**PROVIDED DATA:**
- - -

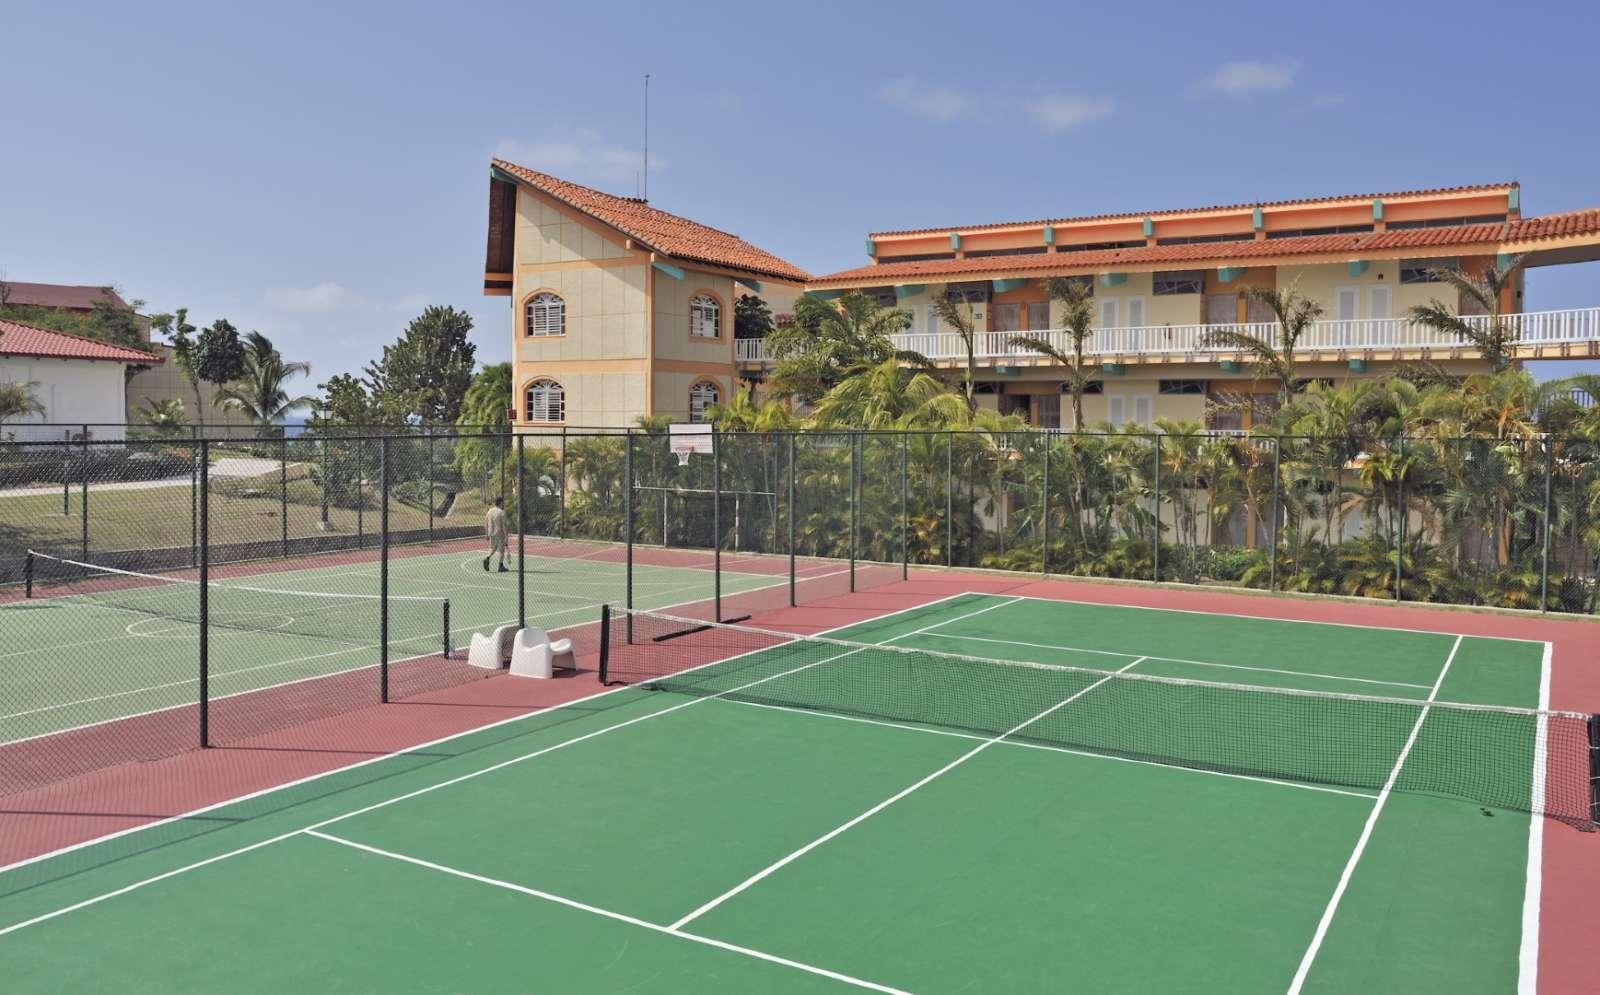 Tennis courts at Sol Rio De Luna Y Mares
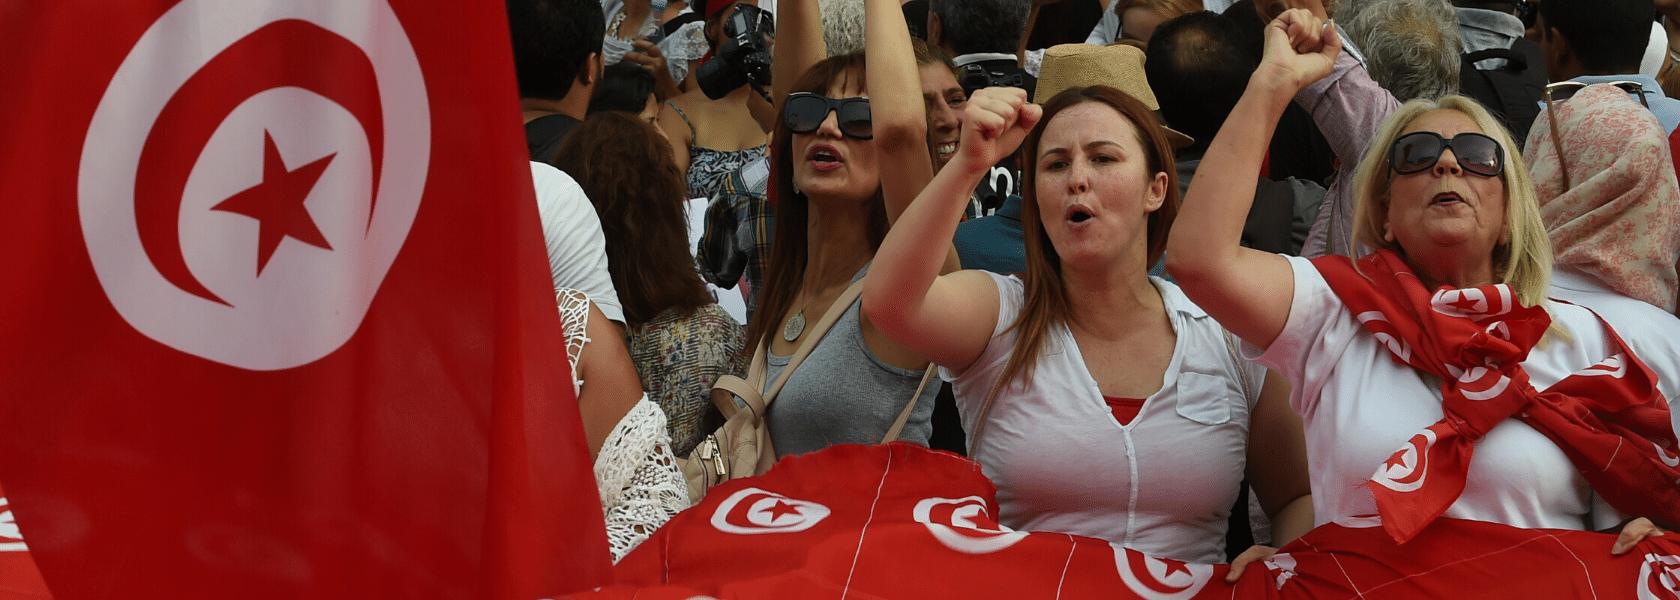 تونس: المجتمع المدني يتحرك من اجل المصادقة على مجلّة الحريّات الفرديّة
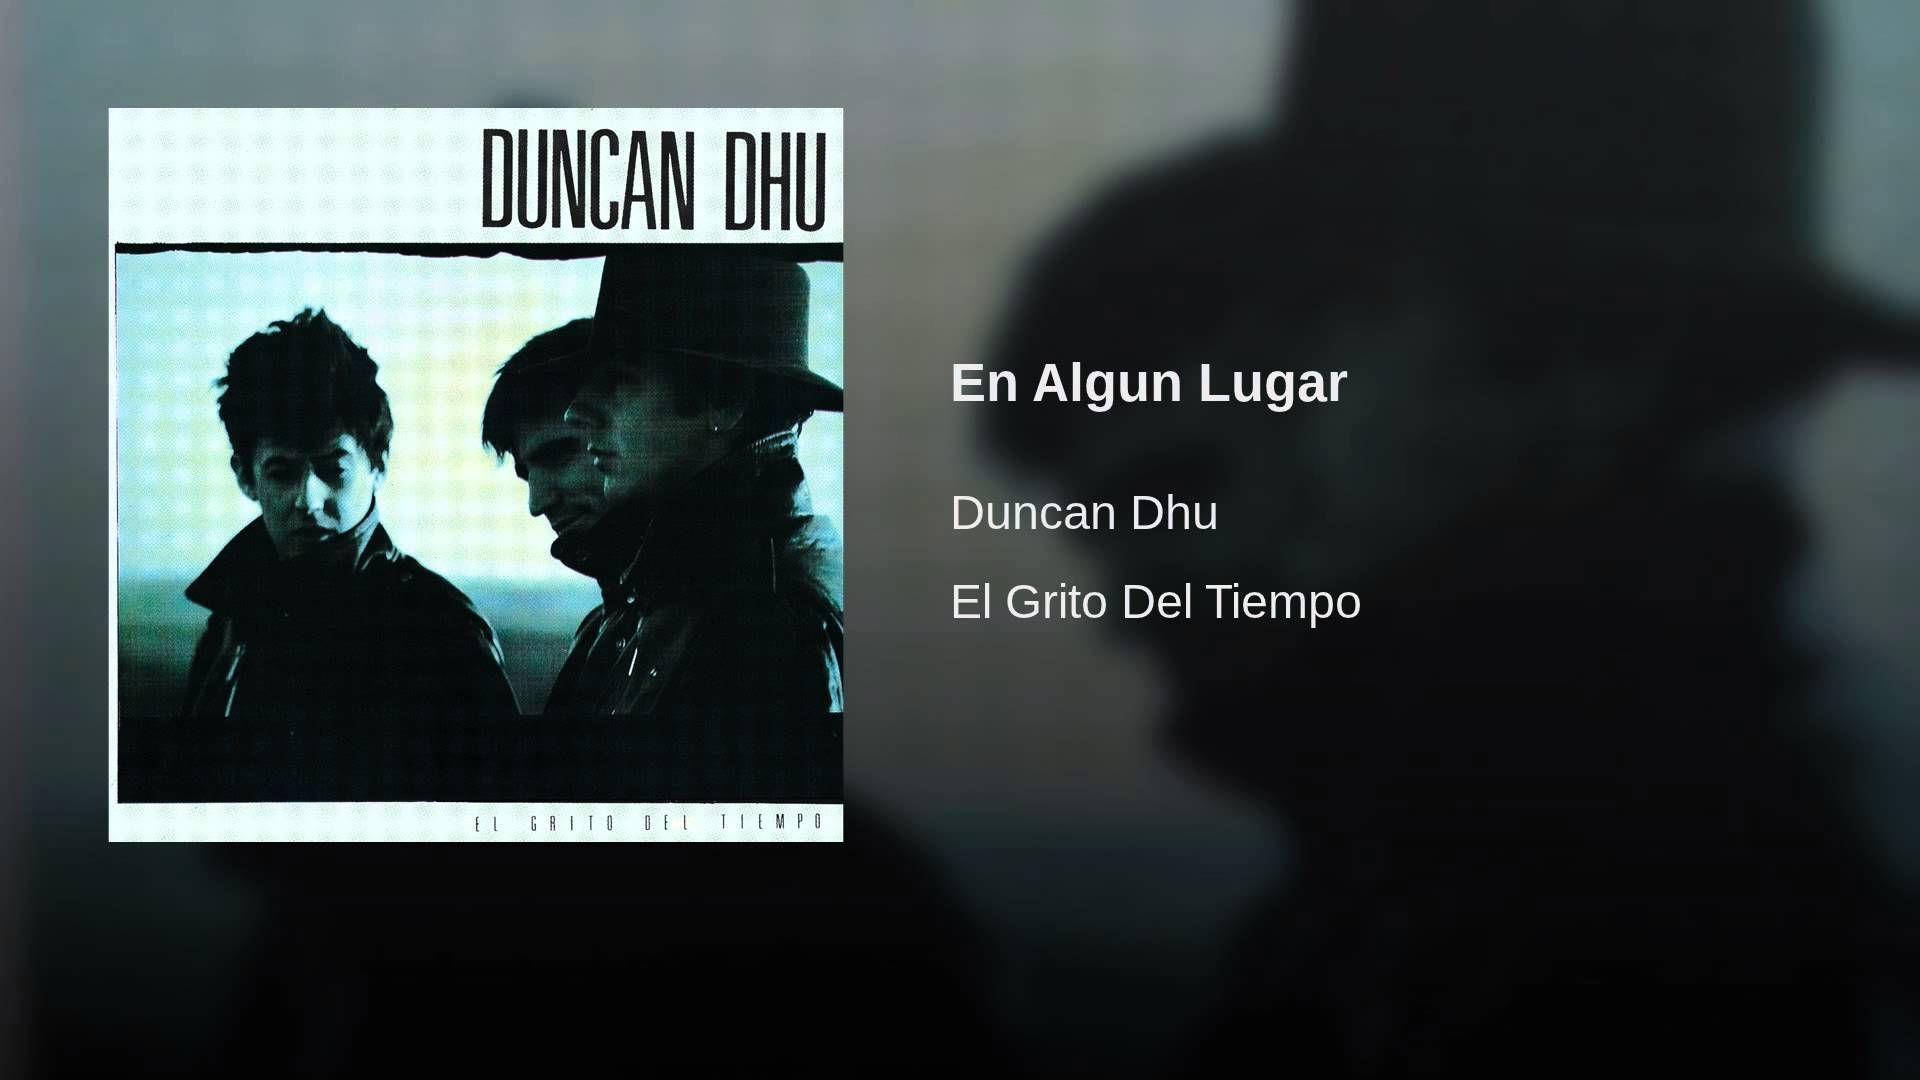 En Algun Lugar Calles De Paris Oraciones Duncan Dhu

- - -

**EXERCISE:** Write out the data in full and exactly as given, though without the images.

**OUTPUT OF THE EXERCISE:**
 Tennis courts at Sol Rio De Luna Y Mares
 تونس: المجتمع المدني يتحرك من اجل المصادقة على مجلّة الحريّات الفرديّة
 En Algun Lugar Calles De Paris Oraciones Duncan Dhu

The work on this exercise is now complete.